“黑袍人……果然是他们。”林烽目光微凝,“看来,‘灰雀’或‘金沙盟’的人,已经迫不及待要在这南疆搅动风云了。”
“头狼,我们要不要做点什么?”阿木问道。
“你设法查一查,那个黑袍人,每次来乌蒙峒,走的都是哪条路,身边带多少人,有没有固定的落脚点。”
“头狼是想……”
“既然他们想提前动手,那我们也该准备一份‘见面礼’了。”林烽眼中闪过一丝寒光。
阿木会意,转身匆匆离去。
这夜,暴雨如注,狂风呼啸,
“头狼,都准备好了。”阿木站在林烽面前,“查清楚了,那黑袍人每次来乌蒙峒,都住在西面五里外的一座山神庙里。那里原本是废弃的,被他们重新收拾了出来。今夜他只带了六个随从,都在庙里歇息。”

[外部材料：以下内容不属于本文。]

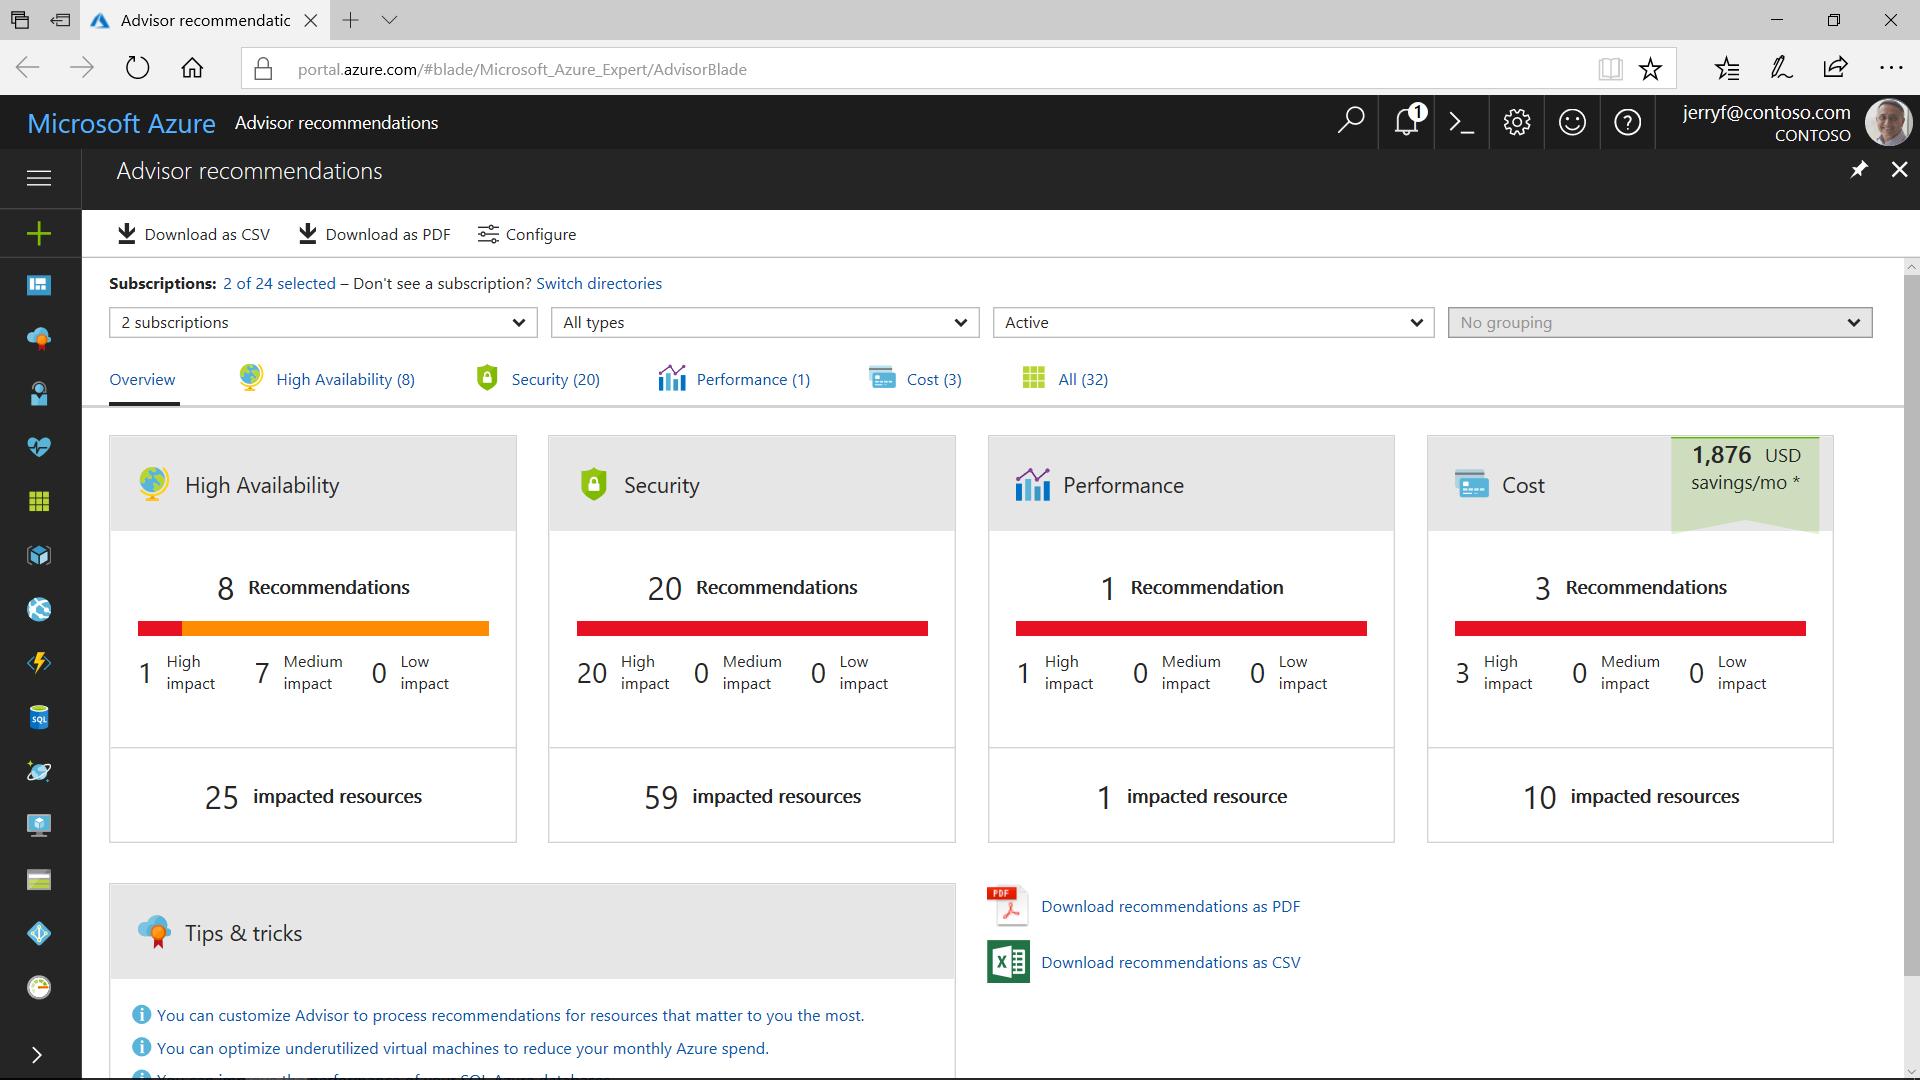 Microsoft Azure Advisor - dashboad

林烽点了点头,将断岳刀用油布仔细裹好,背在身后。他看了看身后集结的二十名“猎隼”精锐,每个人脸上都涂着防雨的油彩,眼神在雨夜中显得格外明亮。
“今夜的目标,不是杀人,是抓活的。”林烽的声音在雨声中显得低沉,“那个黑袍人,我要知道他是谁,从哪里来,受谁指使。记住,尽量留活口,但如果遇到拼死反抗,不必手软。”
“明白!”
“出发。”
二十余道身影,悄无声息地滑入暴雨之中。
山神庙坐落在一处半山腰的平台,四周古木参天,地势险要。此刻却在风雨中透出几点昏黄的灯光。
林烽带着队伍,借着风雨声和夜色的掩护,迅速接近了山神庙的外围。他打了个手势,二十名“猎隼”立刻散开,将整座山神庙悄然合围。
庙内隐约传来说话声,夹杂着几声笑骂,说的是西域口音的官话。林烽伏在庙外一丛灌木后,凝神倾听。
“……那个‘蚩’,还真以为自己是什么天命所归了,不过是我们手里的一把刀而已。”一个沙哑的声音带着不屑,“等打下了黔州城,拿到了那条矿脉,谁还管他什么苗疆复国?”
“小声点。”另一个声音警告道,“隔墙有耳。这里毕竟是苗人的地盘,那个女头领阿兰诺,对我们一直有戒心。别坏了‘灰雀’大人的大事。”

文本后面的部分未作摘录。